08 nov 2002 16:00

Langdurig werkzoekenden

Op voorstel van Mevrouw Laurette Onkelinx, Minister van Werkgelegenheid, en de heer Frank Vandenbroucke, Minister van Sociale Zaken en Pensioenen, keurde de Ministerraad een ontwerp van koninklijk besluit (*) goed tot bevordering van de tewerkstelling van langdurig werkzoekenden.

Op voorstel van Mevrouw Laurette Onkelinx, Minister van Werkgelegenheid, en de heer Frank Vandenbroucke, Minister van Sociale Zaken en Pensioenen, keurde de Ministerraad een ontwerp van koninklijk besluit (*) goed tot bevordering van de tewerkstelling van langdurig werkzoekenden.
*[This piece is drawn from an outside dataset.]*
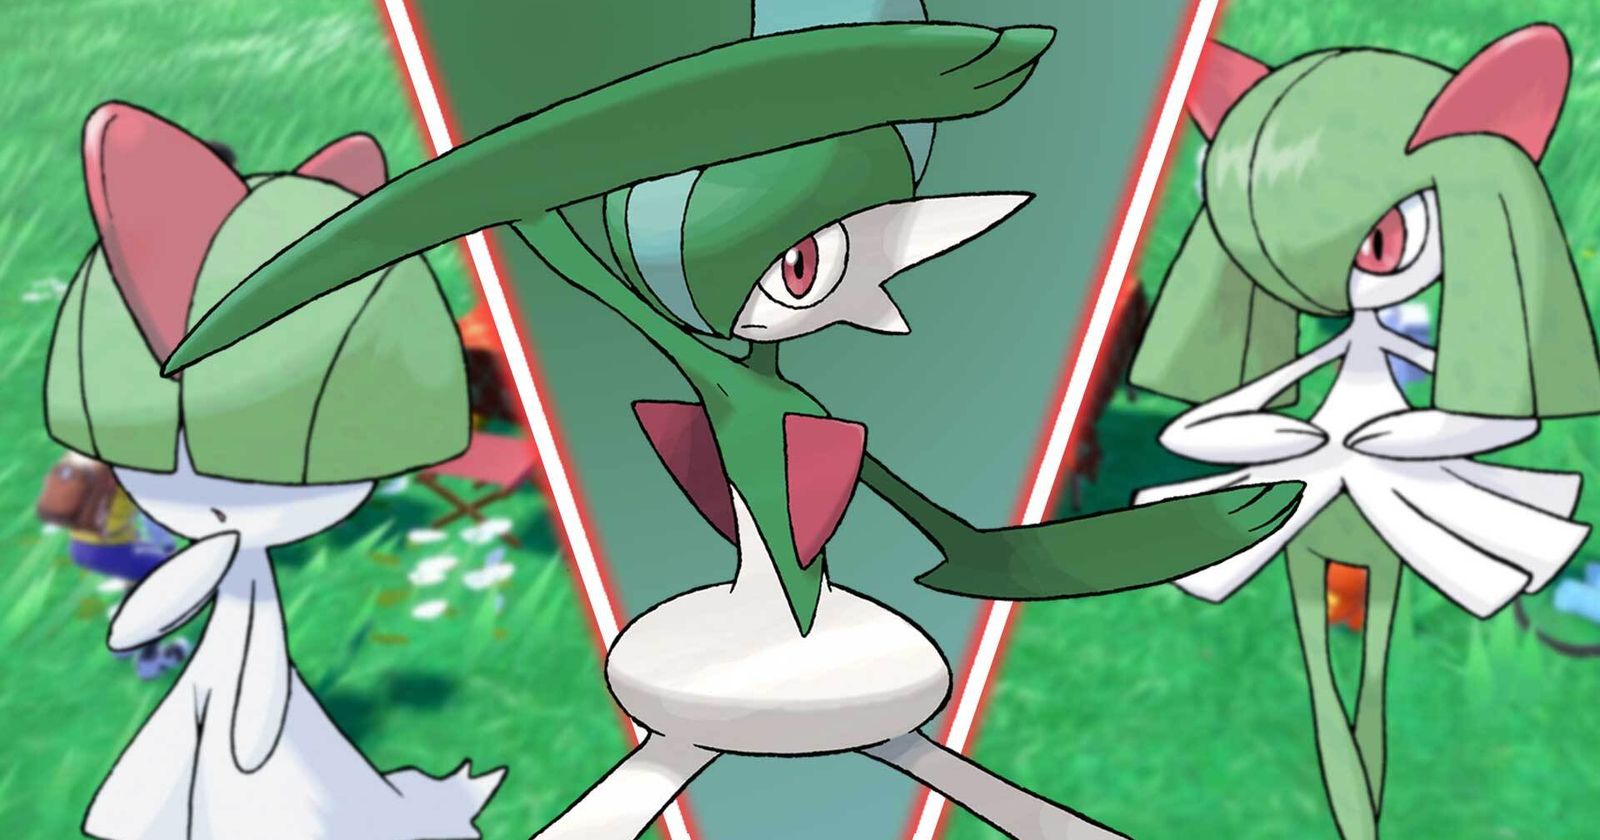 Pokemon Scarlet and Violet  Gallade - Location, Stats, Best

De wijzigingen betreffen: - de vaststelling van de periode waarbinnen de vereiste inactiviteitsduur moet gelegen zijn. De maand waarin de aanwerving plaatsheeft wordt dus zelf niet meegeteld. Dit leidt tot ongewilde uitsluiting van sommige werknemers. Het meest treffende voorbeeld is de werknemer die na een startbaan van 12 maanden aangeworden wordt: met de huidige tekst zal hij niet beschouwd worden als langdurig werkzoekende (behalve als de 12 maanden Rosetta juist samenvallen met 12 kalendermaanden), met de voorgestelde wijziging komt hij wel in aanmerking. - de aanpassing van de procedure in geval van laattijdige aanvraag van de werkkaart. Tot nu toe vervalt elk recht op bijdragevermindering voor de werknemer wanneer de werkkaart te laat wordt aangevraagd. Dit recht wordt nu wel toegekend, maar dan slechts vanaf het kwartaal volgend op de laattijdige indiening van de werkkaart. De sanctie voor de werkgever bij laattijdigheid wordt dus gemilderd, vooral in het belang van de werknemer (met de huidige regeling is het zo dat de werkgever die verneemt dat hij niet in aanmerking komt wegens laattijdigheid van de werkkaart, in heel wat gevallen de werknemer zal ontslaan en een andere werknemer in dienst nemen die wel in aanmerking komt voor de werkkaart). - de aanpassing van de techniek van activering van uitkeringen bij korte tewerkstellingen: er zal in de toekomst rekening gehouden worden met de prestatiebreuk om het theoretisch bedrag aan activering (500 euro per maand) in een lager proportioneel bedrag. Op die manier wordt vermeden dat in eenzelfde maand meerdere keren de 500 euro wordt gevraagd per korte tewerkstelling. Bovendien wordt in die situatie vermeden dat de werknemer voor elke korte tewerkstelling telkens een aanvraag moet doen. (*) tot wijziging van het koninklijk besluit van 19 december 2001.